Quentin répondit après avoir pris une bouchée de sa génoise au café. « En fait, le danger du vol de voix ne vient pas des radiations, ni même de la superstition des chanteurs dont on copie les réflexes vocaux, mais bien du réceptacle lui-même.
— Le réceptacle ? » répéta Anna, très étonnée.
— La personne qui reçoit la voix. Celle dans le cerveau de laquelle on imprime le chant d'un autre ou d'une autre, ou des deux en même temps. On dit qu'il suffit d'une seule opération de ce genre pour que certaines personnes un peu faibles d'esprit basculent dans une sorte de psychose, un genre d'obsession. Ils deviennent fascinés par la voix originale. Pas un enregistrement, mais bien la vibration, la substance, la réalité elle-même de la voix copiée. Le réceptacle est comme en manque des ondes émises par le chanteur – toutes les ondes : électrique, sonores, musculaires. Aussi, certains ne rêvent plus que d'une chose… »
A ce moment Quentin hésita.
« Tuer l'original ? » compléta Anna dans un souffle.
Le jeune homme baissa les yeux : « Non. Plutôt se confondre avec lui. Ce qui n'est pas possible. » Anna se détourna et frotta ses bras. Elle en avait des… Non, cela devenait ridicule !
Quand elle releva les yeux, Quentin souriait, un peu moqueur : « Sincèrement, je ne crois pas que les voleurs de voix, ou plutôt les receleurs de voix soient plus dangereux que des passionnées d'opéra, des fans amoureux ou des stalkers.
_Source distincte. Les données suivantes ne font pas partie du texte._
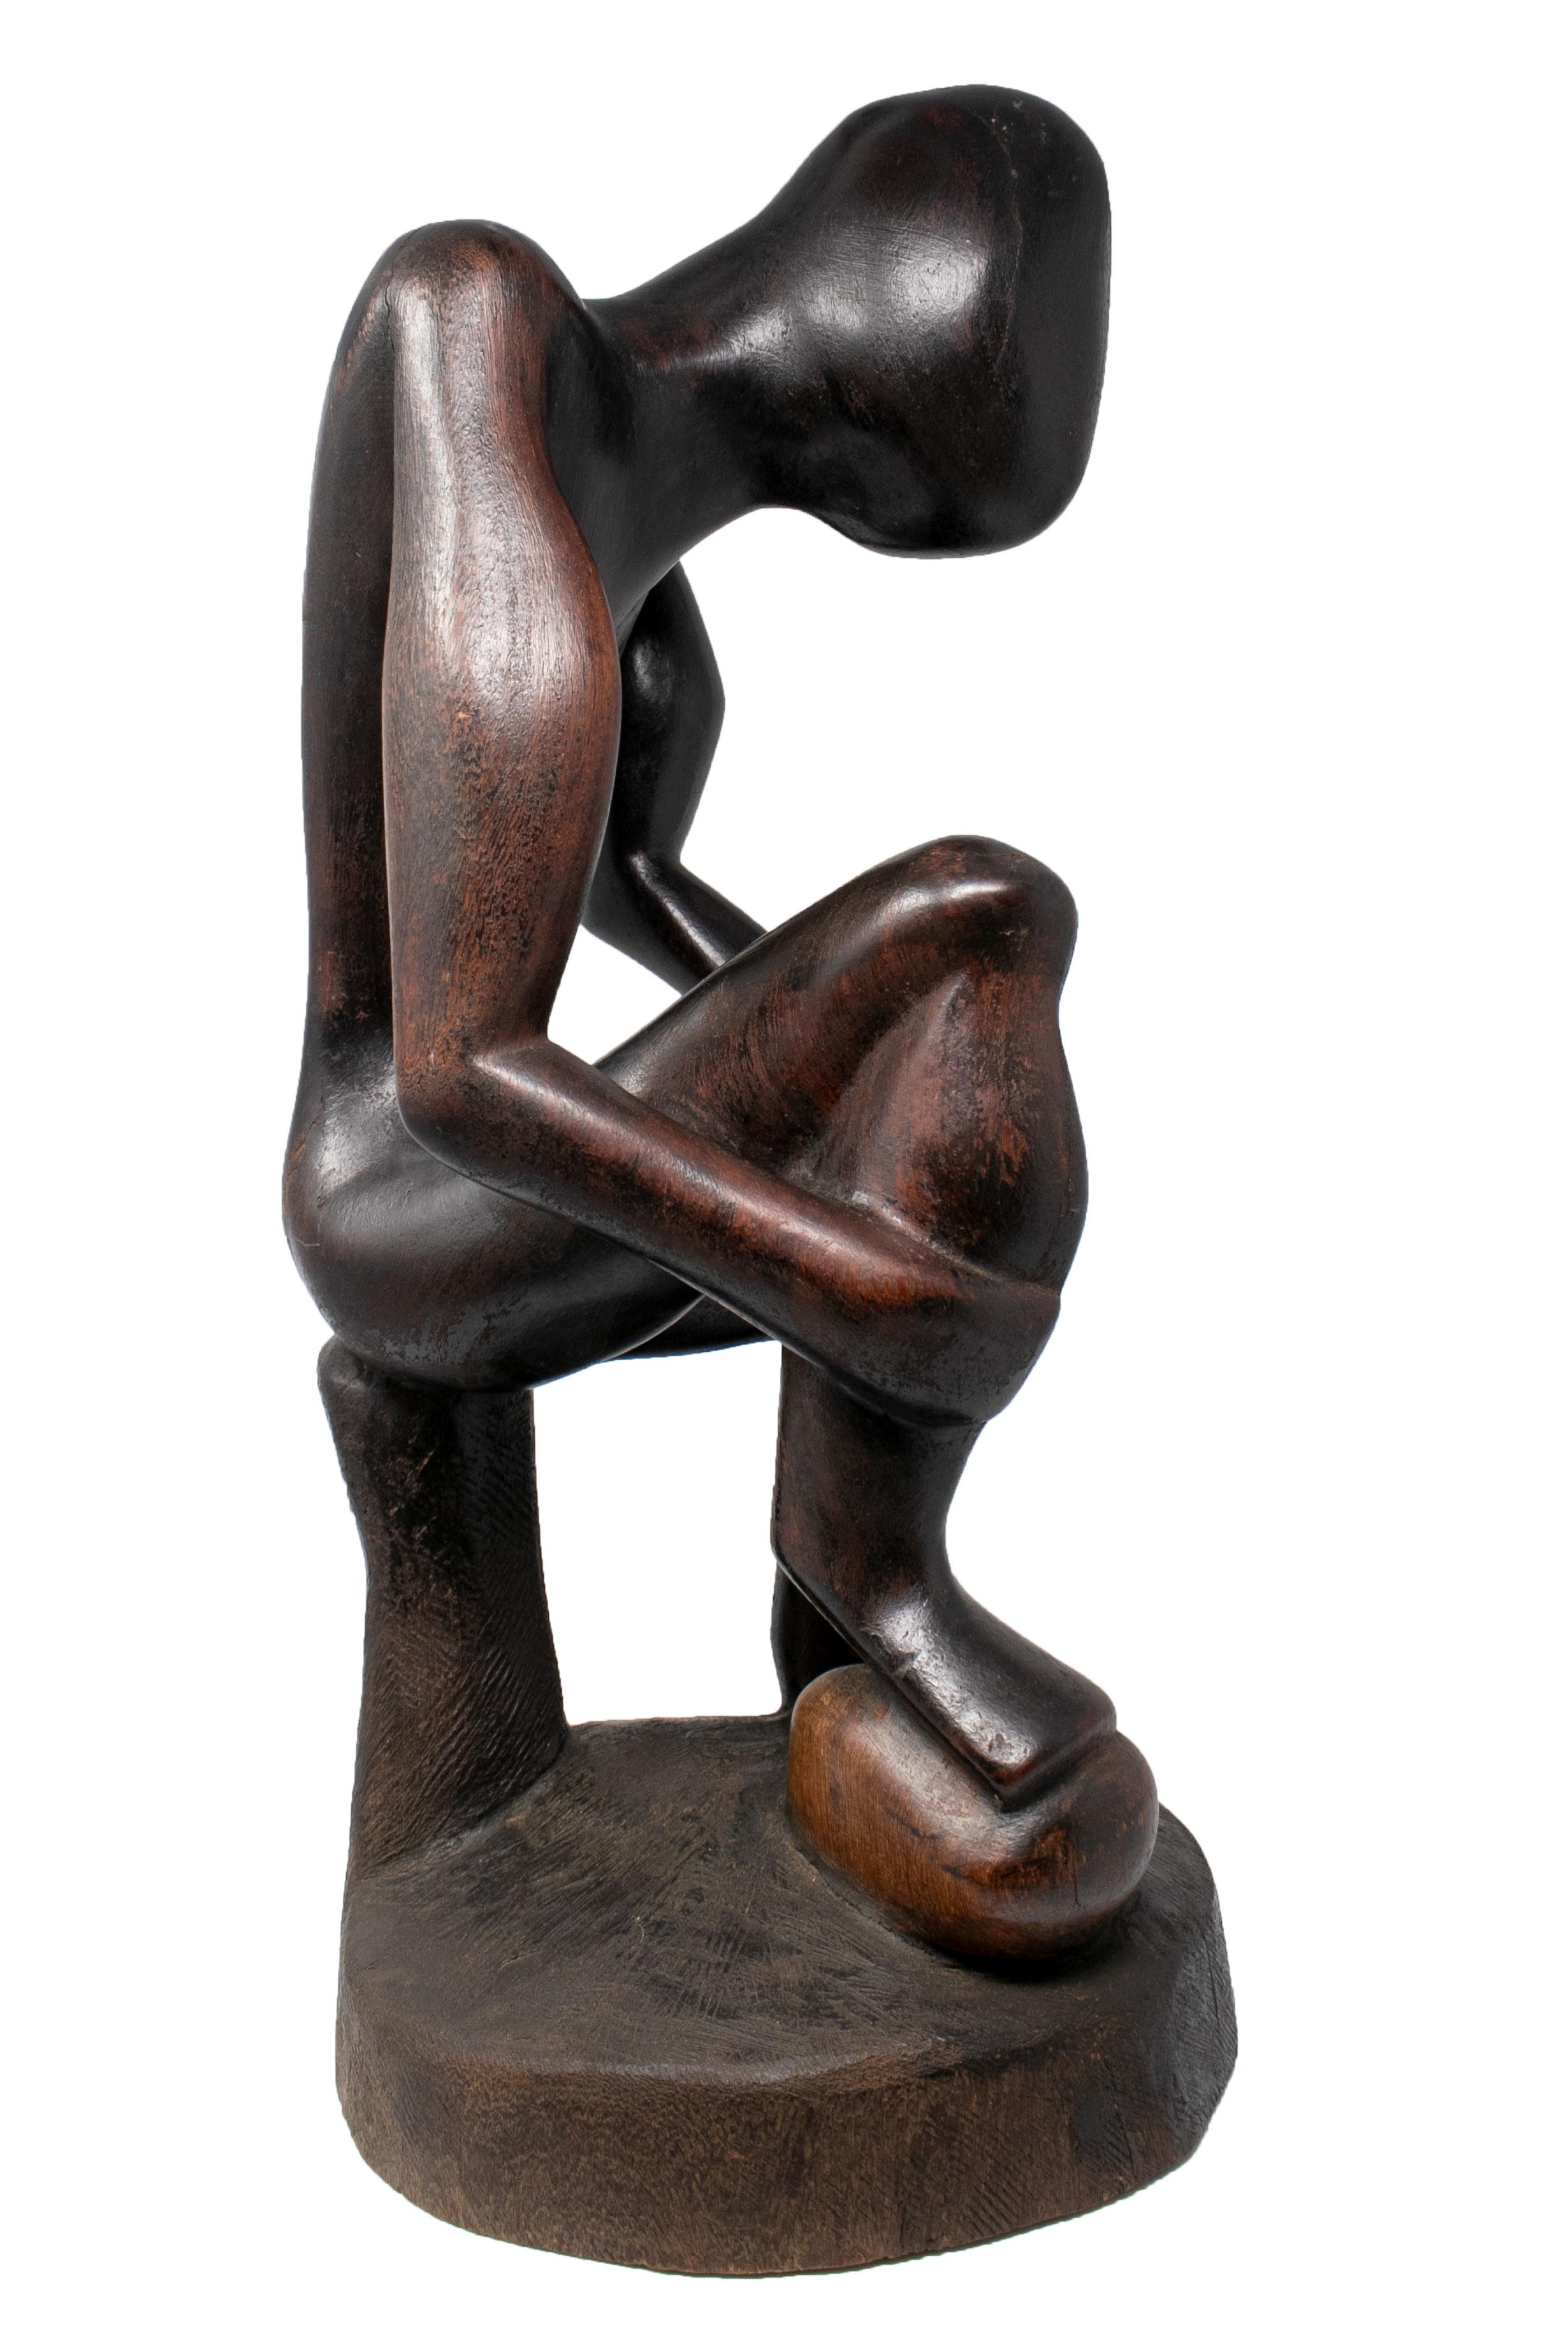 1970s African hand carved wooden sculpture of sitting man.

Et cela vaut mieux, car je crois que plus cette pratique deviendra populaire, plus nous aurons de spectateurs extrêmement fidèles et extrêmement attentifs dans nos salles. »
Comme Anna, il se retourna du côté de son comparse Raphaël, qui venait de faire exploser de rire l'autre côté de la tablée en improvisant à lui une scène de ménage chantée entre Figaro et Suzanna.
Puis le jeune homme ajouta :
« A moins bien entendu qu'ils ne se trouvent déjà sur la scène. »
FIN
Achevé le 15 août 2006.
Tous droits réservés David Sicé 2006.